• [WHAT THE TASK REQUIRES] Only the lines from the one containing "Quick Tutorial Swift" to the end of the data should be copied, exactly and without pictures.

• [DATA SEGMENT]
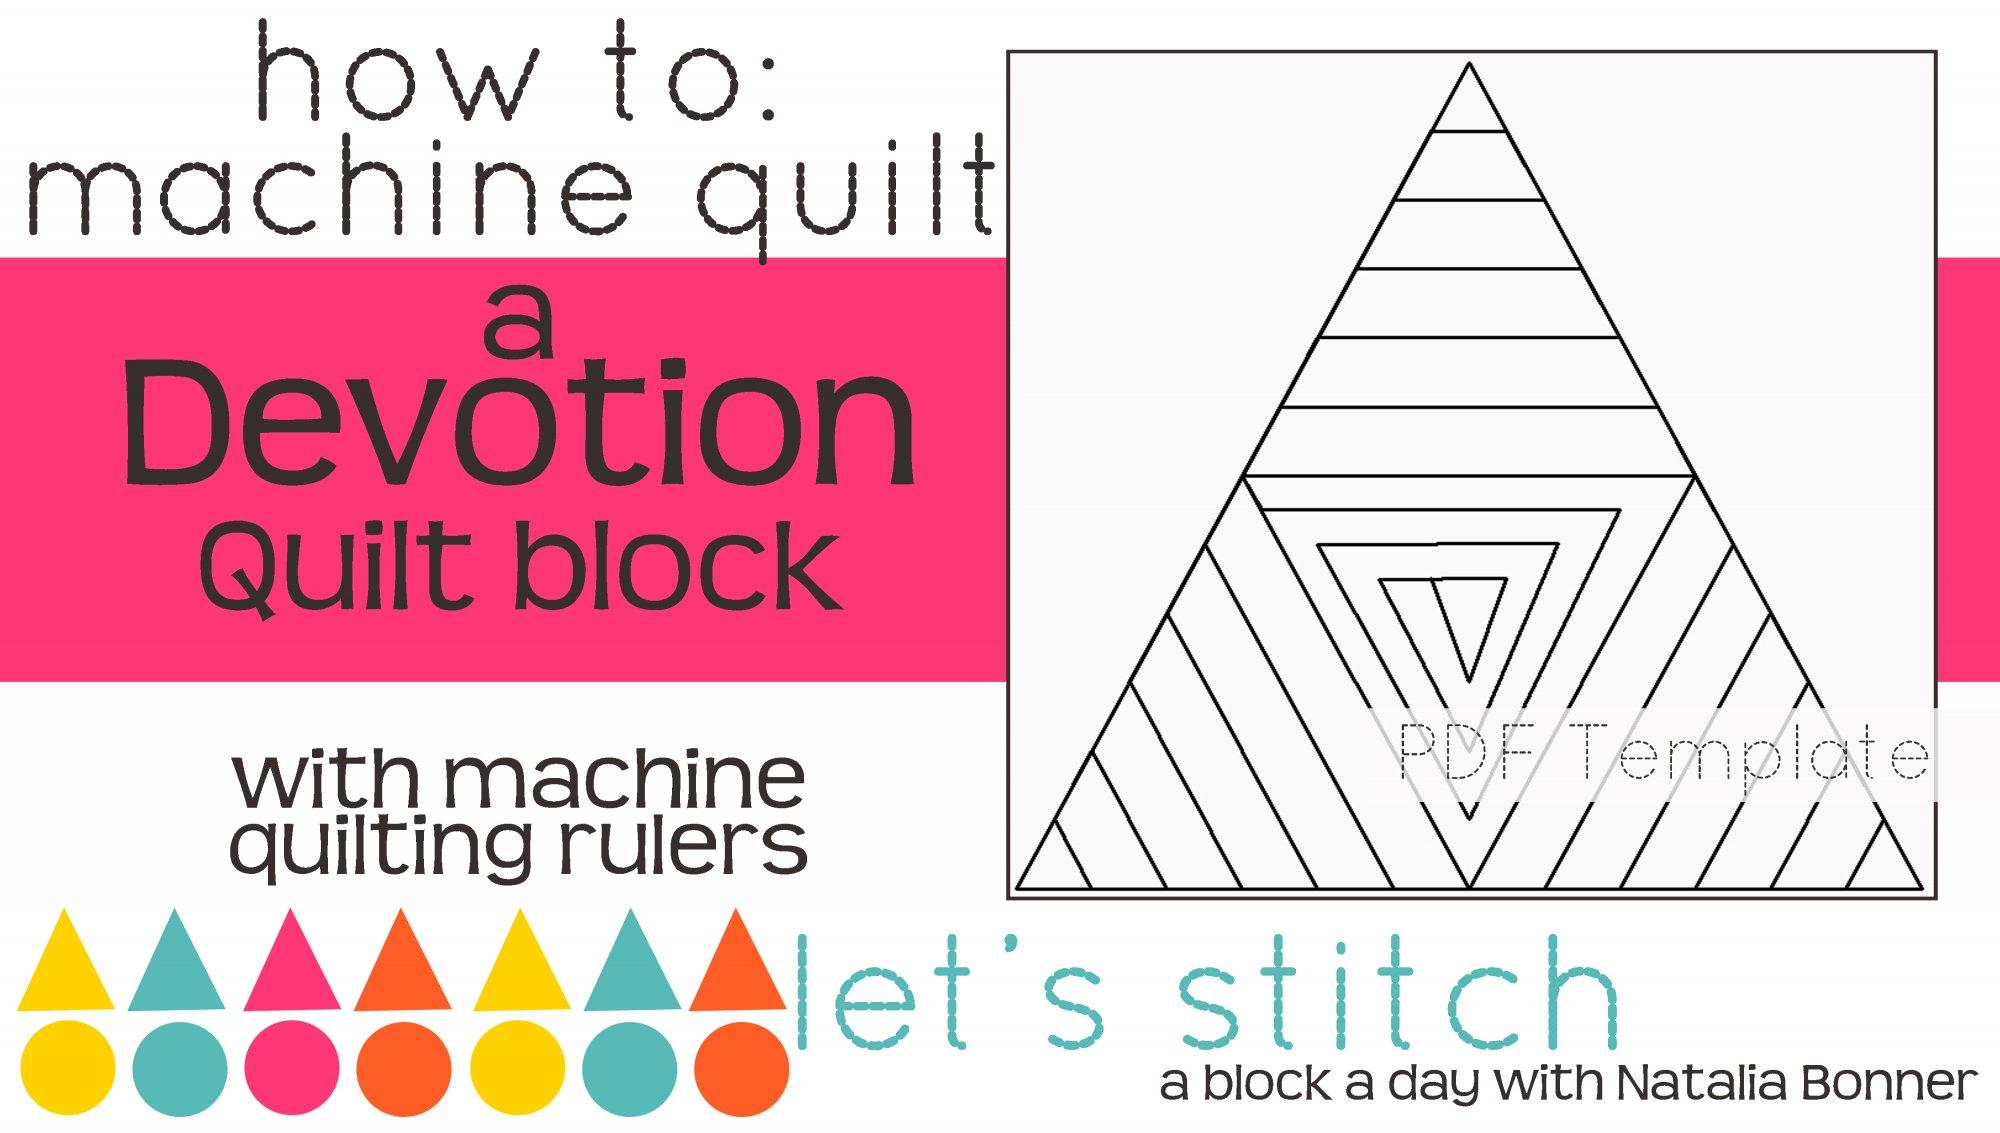 Let's Stitch - A Block a Day With Natalia Bonner - PDF - Devotion
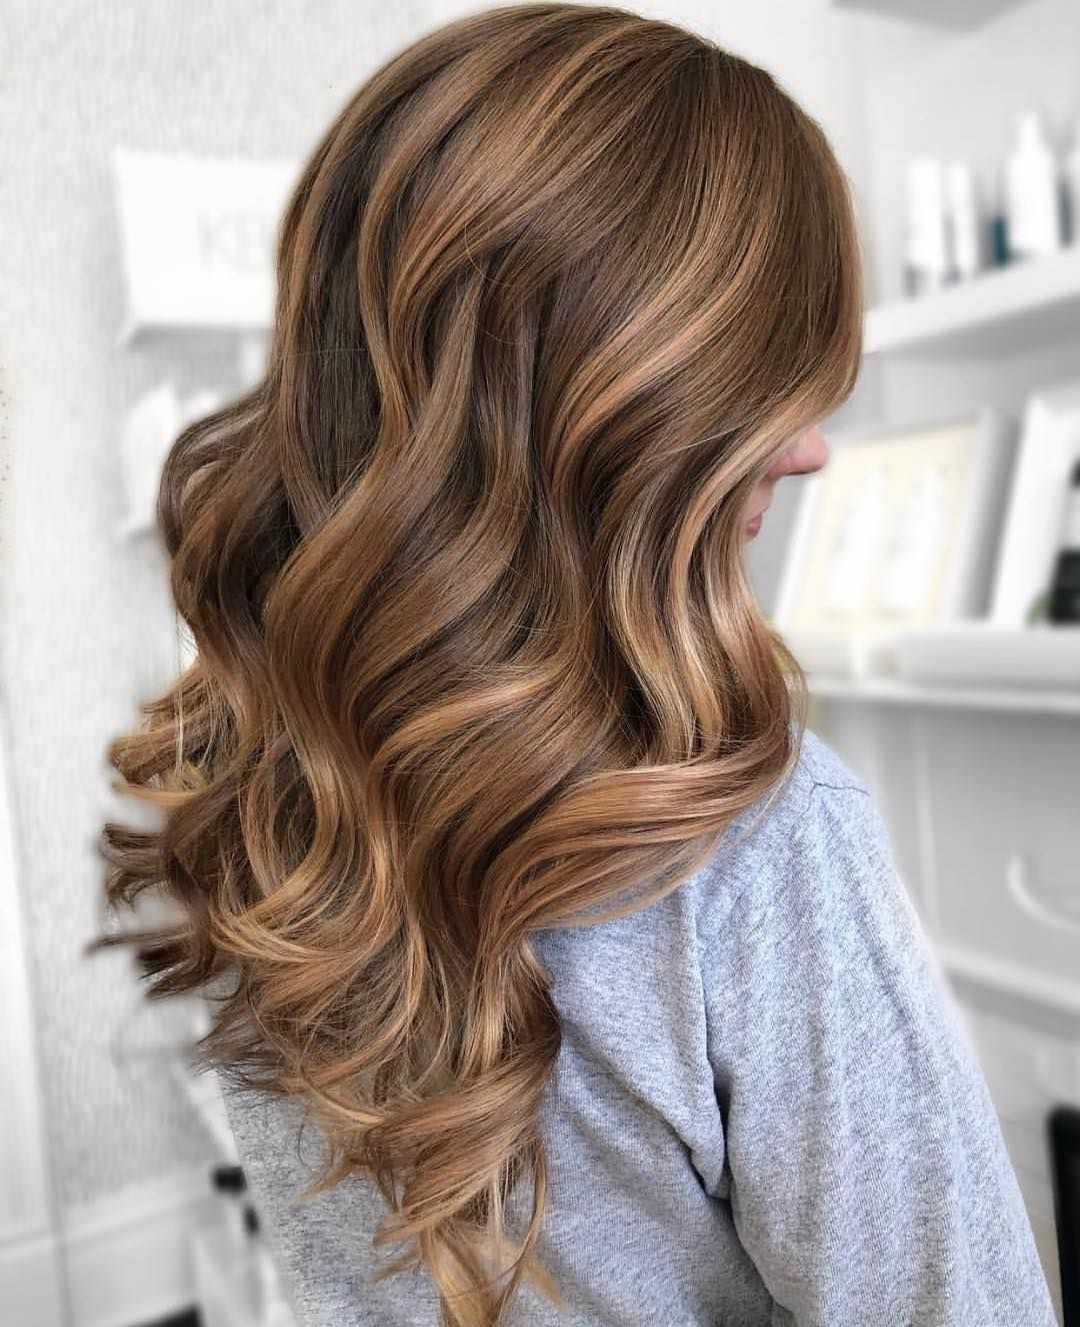 Quick Tutorial Swift Wavy Hair In 2020 Greasy Hair Hairstyles Natural Wavy Hair Oily Hair
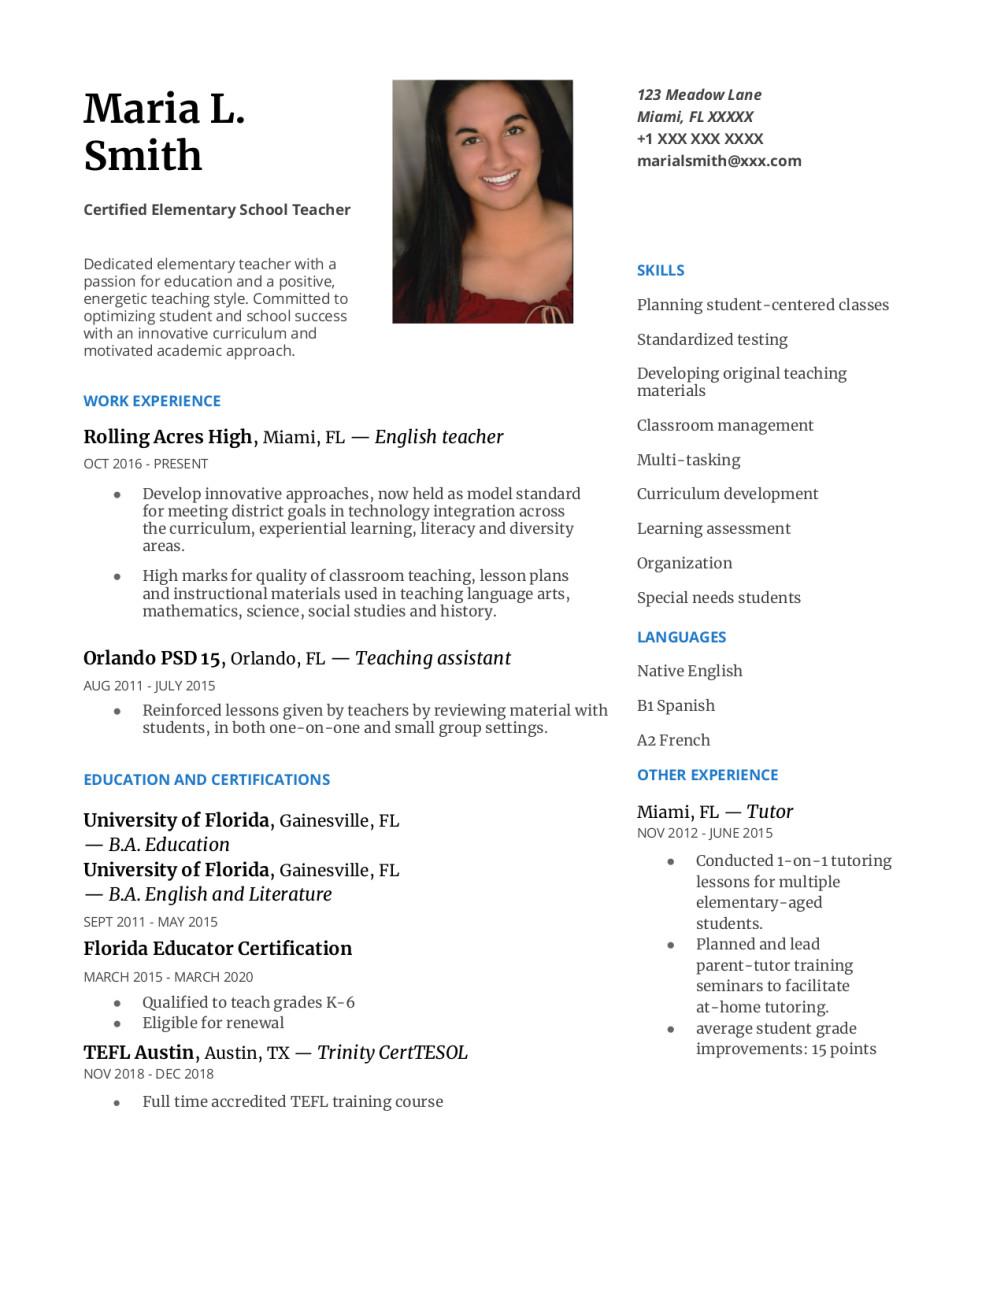 Edit Your Resume Cover Letter Or Linkedin Bio
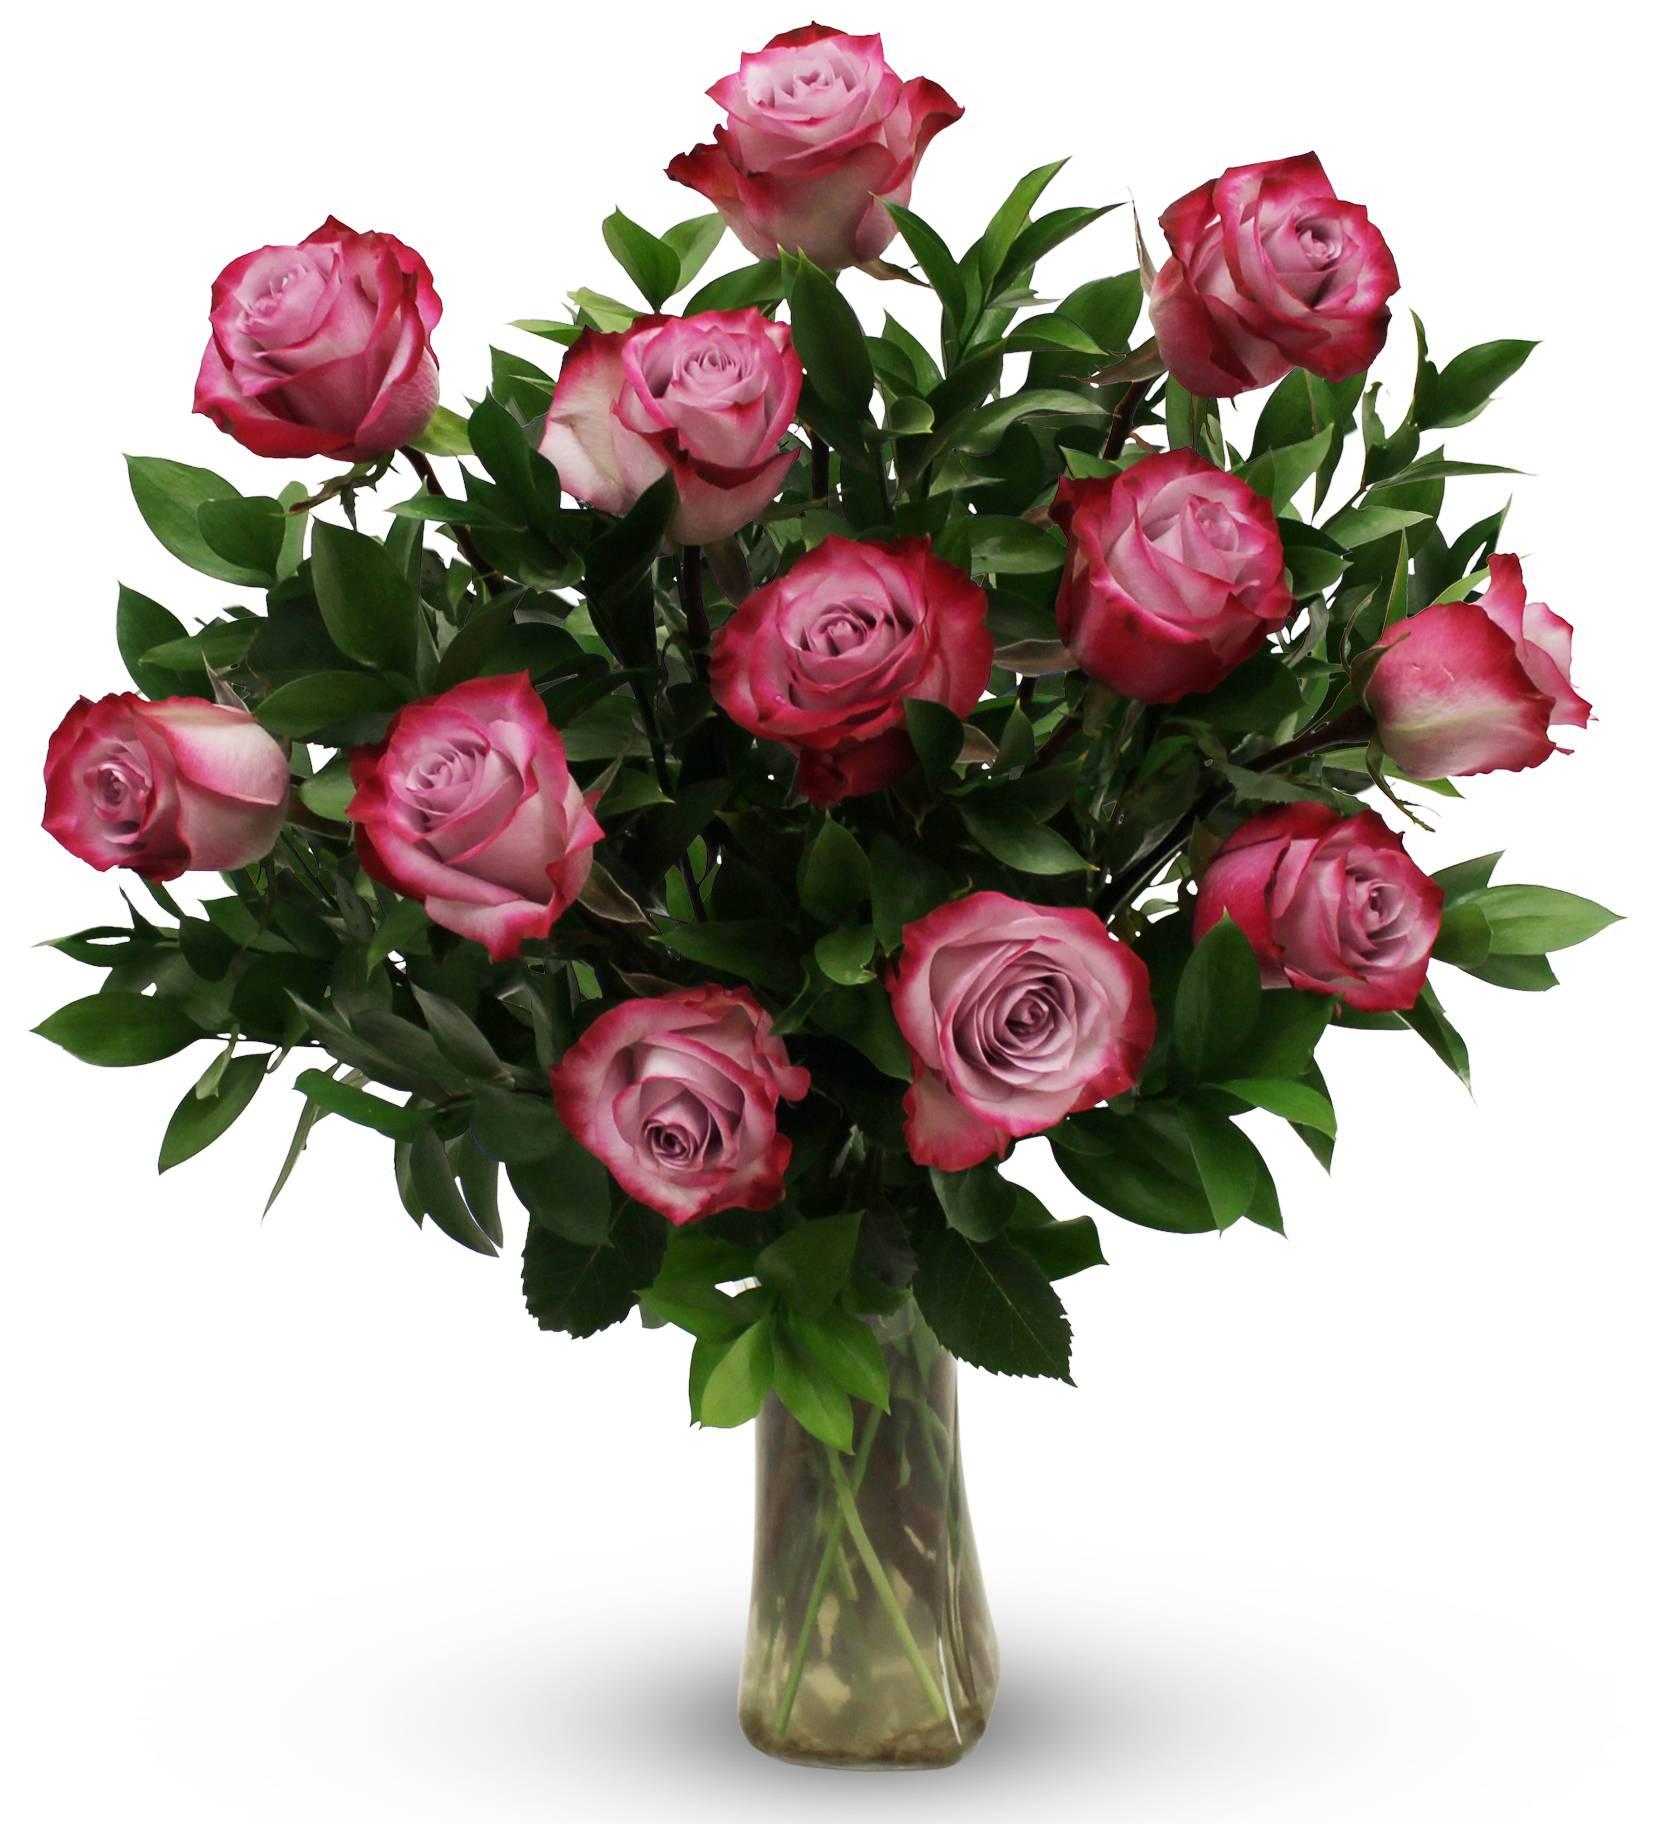 Abbruzzese Bouquet

• [RESPONSE TO THE EXERCISE]
 Quick Tutorial Swift Wavy Hair In 2020 Greasy Hair Hairstyles Natural Wavy Hair Oily Hair
 Edit Your Resume Cover Letter Or Linkedin Bio
 Abbruzzese Bouquet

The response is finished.